Türkiye toplumunun çokkültürlü ve çokkimlikli yapısından rahatsızlık duyan ve bilim adamı ünvanına yaslanarak neredeyse kafatası ölçümlerine başlayacak bu zihniyetin bir bilimsel kuruluşun başında bulunduğu her dakika eğitim ve bilim dünyası açısından bir talihsizliktir. Öte yandan, toplumu tektipleştirmeyi, farklılıkları bir kalem marifetiyle ortadan kaldırma kurnazlığını aklına getiren Yusuf Halaçoğlu’nun sözleri, kök salmış bir anlayışın dışavurumudur. Bu ırkçı, inkarcı yaklaşımın Türkiye toplumunu birleştirmek yerine daha da kutuplaştırmayı amaçladığı açıktır. Halaçoğlu’nun açıklamalarının bilimle yakından uzaktan ilgisinin olmadığı, kafatasçı, ırkçı ve akıldışı olduğu görülmektedir.
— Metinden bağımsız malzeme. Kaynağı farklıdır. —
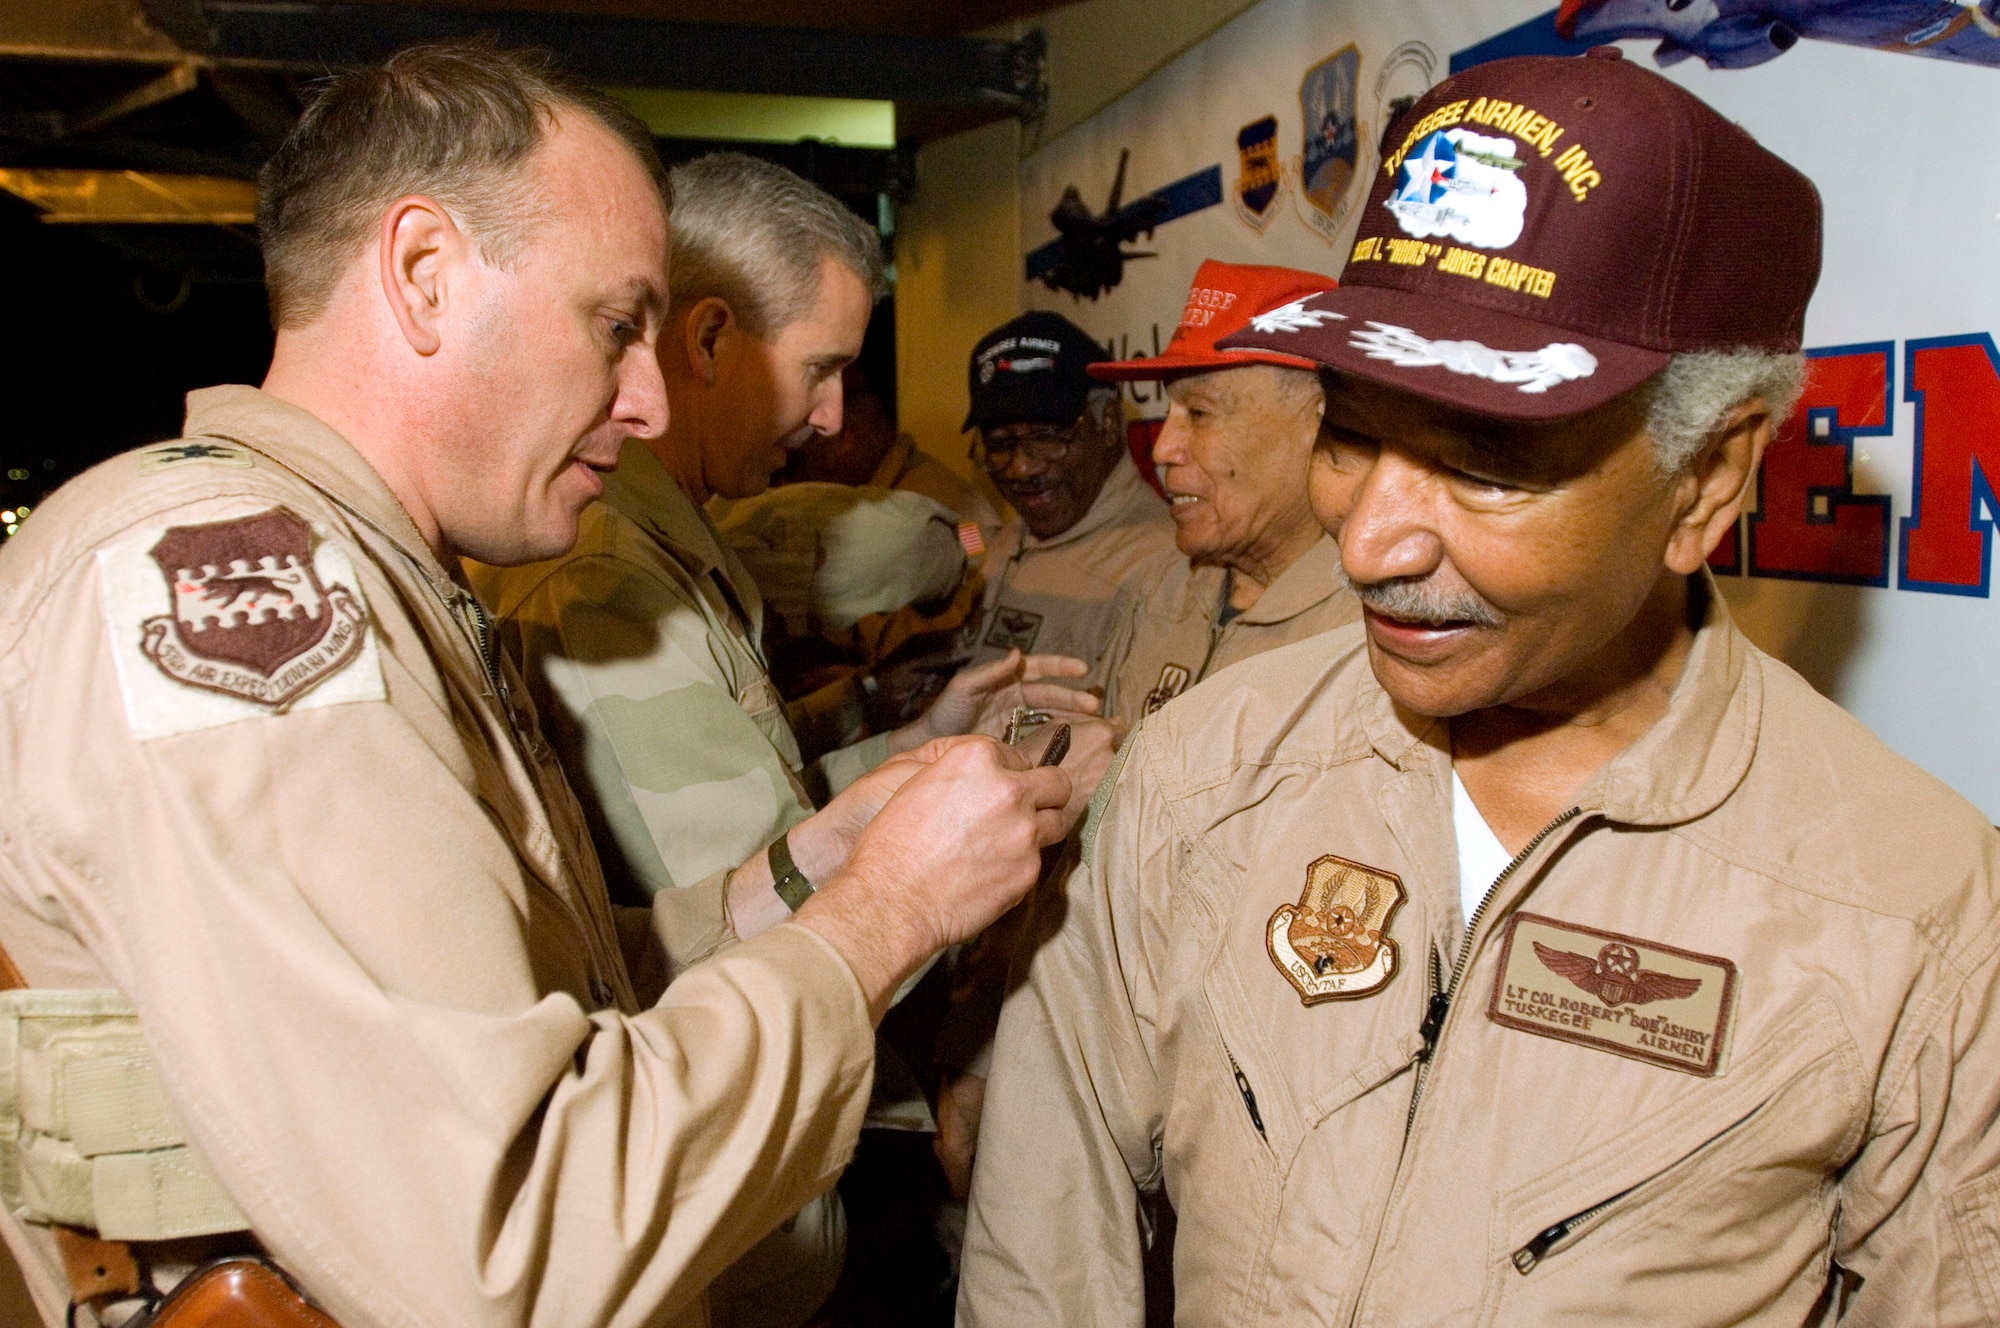 BALAD AIR BASE, Iraq (AFPN) -- Col. Gordon Jacobs (left) puts wing patches onto the uniform of retired Tuskegee Airman Lt. Col Robert Ashby. Colonel Ashby is one of five Tuskegee Airman visiting here. Colonel Jacobs is the 332nd Expeditionary Operations Group commander. The Army created the Tuskegee Airmen unit in 1941. (U.S. Air Force photo by Master Sgt. John E. Lasky)

Irkçılığı, bölücülüğü, inkarcılığı ve kutuplaşmaları bilim maskesi altında piyasaya süren bu sözlerin rastlantı olmadığı aşikardır. Prof. Dr. Yusuf Halaçoğlu’nun bu tutumu karşısında hükümet sessiz kalmamalı ve kendisini derhal görevden almalı, bir araştırma ve bilim kuruluşu olan Türk Tarih Kurumu’nun gerçekten akıl ve bilim ölçütlerine göre işleyen bir yapıya dönüştürülmesi için çabalar desteklenmelidir. Yusuf Halaçoğlu’nun görevde kaldığı her dakika, Türk Tarih Kurumu’nun kurumsal kişiliğini de zedeleyecek ve bu bilim kuruluşunun gerek ulusal gerekse uluslar arası bilim çevrelerindeki itibarını ortadan kaldıracaktır. Bu nedenle …………. olarak, TTK Başkanı’nın ırkçılık ve inkarcılık kokan, resmi ideoloji eksenli, bilimdışı açıklamalarını kınıyor ve kendisinin derhal görevden alınmasını talep ettiğimizi basınımızın ve kamuoyunun dikkatine sunuyoruz.